Yoghurt is draining in the refrigerator. There is Turkish bread, slow oven baked tomatoes and fresh picked green salad for a light dinner just for me. A glass of wine perhaps.
There are plans for the kitchen. An icecream. Some home made pasta. Quinces sit on my table, scenting the room, waiting to decide what will become of them. Fresh spinach in the fridge. Paneer to make. Spices to be ground. Tofu. Soups and baked treasures to make. I could live my life in a kitchen.
I escaped it today to go walking in the bush.
Today is my last daily post on my holidays. It is the 9th Holiday post. My holidays are not over, but there is still some things to do. I had wanted to experience the discipline of posting every day. Of writing every day, perhaps in a different way than I would normally do when I am pressed for time. Generally most of my posts are created on a weekend and scheduled through the week. It was a luxury to post daily, to cook and photograph and write. It was difficult at first, to dedicate the time, to ensure that the cooking and photographing was done while there was still light in my apartment. The best light is early afternoon. Sometimes the writing was hard. If I get the right first sentence, the rest flows easily. If the first sentence is wrong, it becomes hard work. One or two nights I went through a dozen first sentences before I hit the right one.
Sometimes what I had planned to write about as I thought about my post during the day, did not materialise at night when I would do the writing. Sometimes another topic took over altogether. I let it.
Thank you so very much for listening and supporting my daily post. You have no idea how much this has meant to me, each day to receive your comments and ideas and support. How I have loved the ability to think about taking the photos and craft them a bit better than normal. And your acceptance of them has been a real boon for me. I have been overwhelmed by it. From the bottom of my heart, thank you.

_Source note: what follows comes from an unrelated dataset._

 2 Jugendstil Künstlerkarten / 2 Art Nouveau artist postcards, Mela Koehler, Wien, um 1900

I have come to love posting every day, and it will be hard to let it go. But that is another discipline.
My regular posts will continue, never fear.
It is dark now. I sit in the dark with a little lamp. The hills are gone from view, but the light of the helicopter pad remains, signifying that another emergency dash is due to arrive. I think of the family each time I notice its journey, and ask that they be given the strength to cope with whatever is being given to them at this time.

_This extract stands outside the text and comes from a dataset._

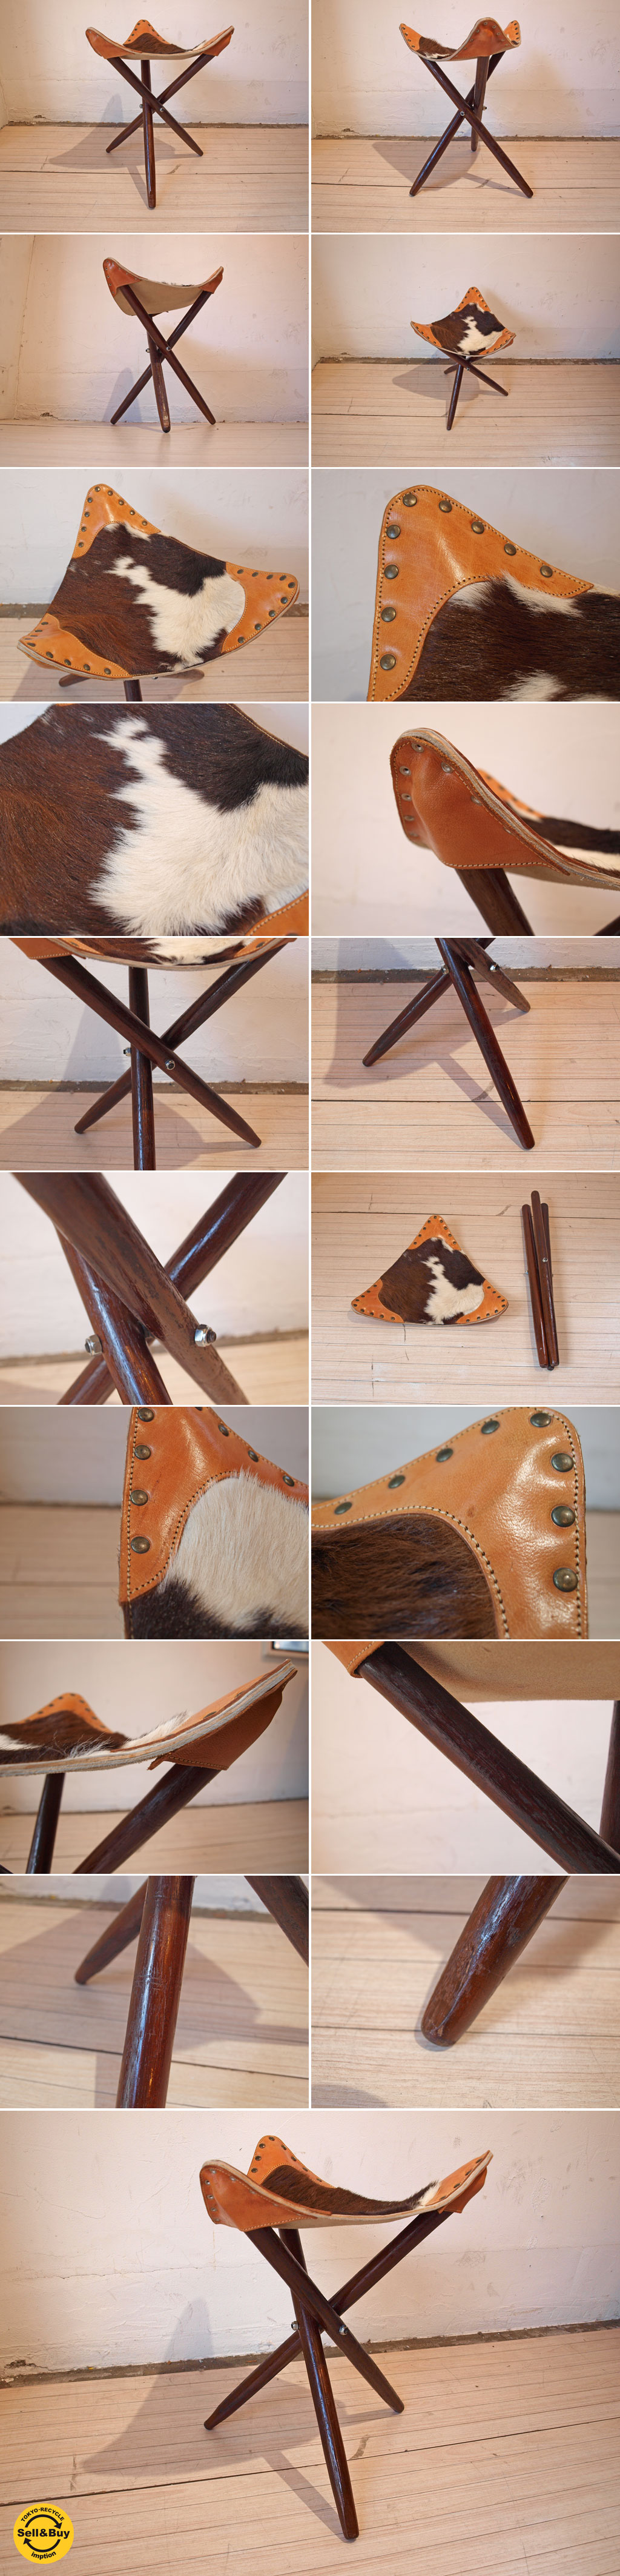 ハンティングチェア Hunting chair スツール 木製 三本脚 ハラコ

Time for some Mint Paneer. Of course, use your home made paneer. Or failing that, you can buy it even in our local supermarket these days. Very different from a year or two ago when I had to drive across town to get it from and Indian grocery.
Source : inspired by Navratra Special by Anju Khattar
Prep time: 10 mins
Cooking time: 10 mins
Serves: 2 – 4 people, depending how you use it and what else you are serving with it
250g paneer cut into cubes
0.5 cup mint, chopped
1 – 2 green chillies, depending on your palate
salt to taste
0.5 tspn cumin seeds
4 green cardamom pods
0.5 tspn Garam Masala
0.25 tspn red chilli powder (or less, depending on your palate)
2 Tblspns cream
1 Tblspn ghee
Wash and combine mint leaves, green chillies, and cardamoms and grind in a blender.

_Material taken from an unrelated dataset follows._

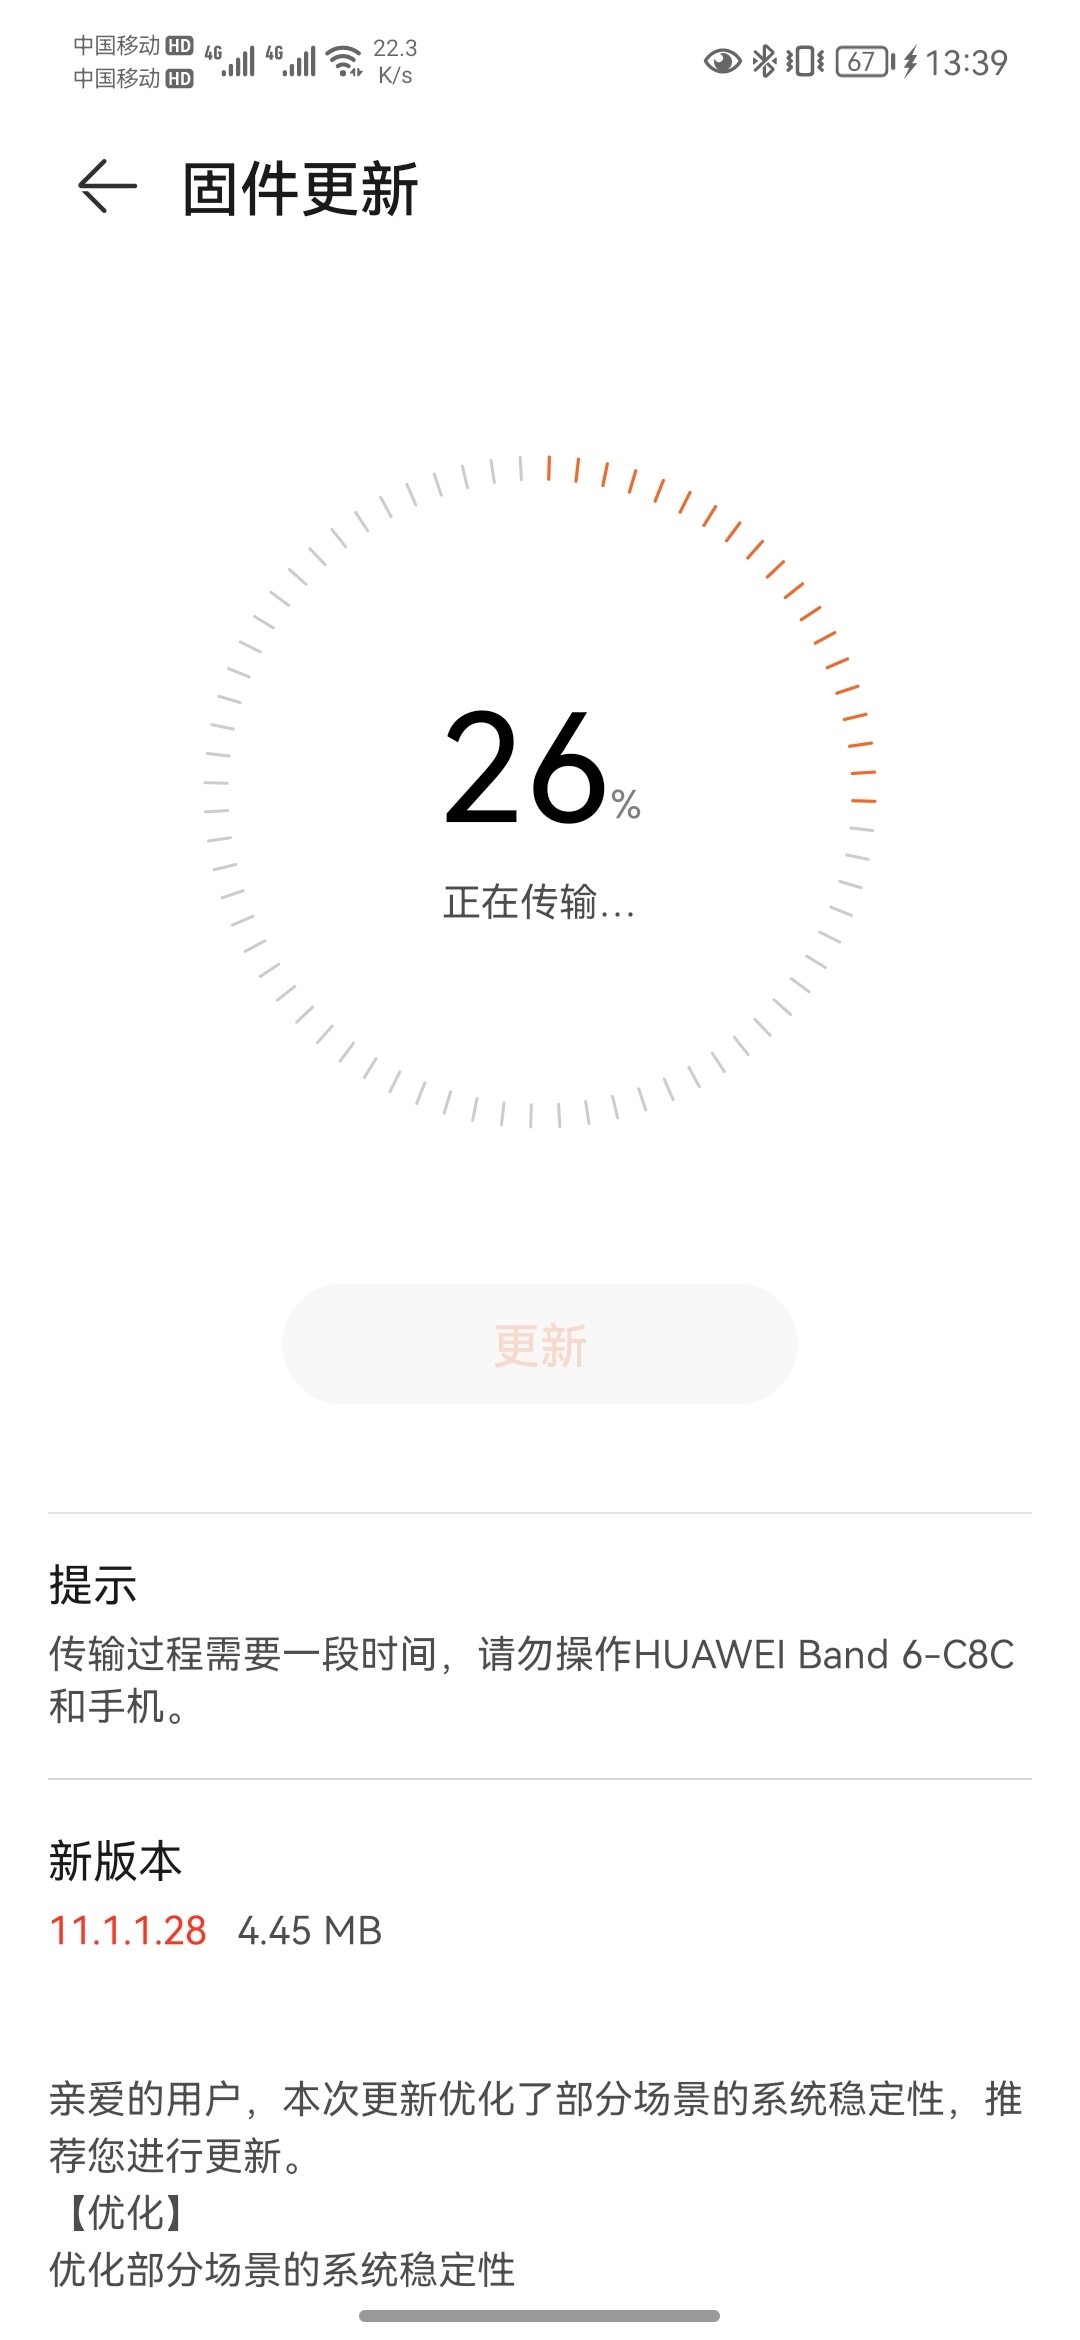 Huawei Band 6 version 11.1.1.28

Heat the ghee in a pan and saute the cumin seeds until fragrant. Add the mint paste and fry for a minute or two. If there is water in the paste, allow the paste to become almost dry, but not brown.
Turn the heat down, as cream may curdle if it is boiled. Add salt, garam masala, red chilli powder, cream and paneer cubes. Stir well, and cook for 3 – 4 minutes. Serve hot or warm.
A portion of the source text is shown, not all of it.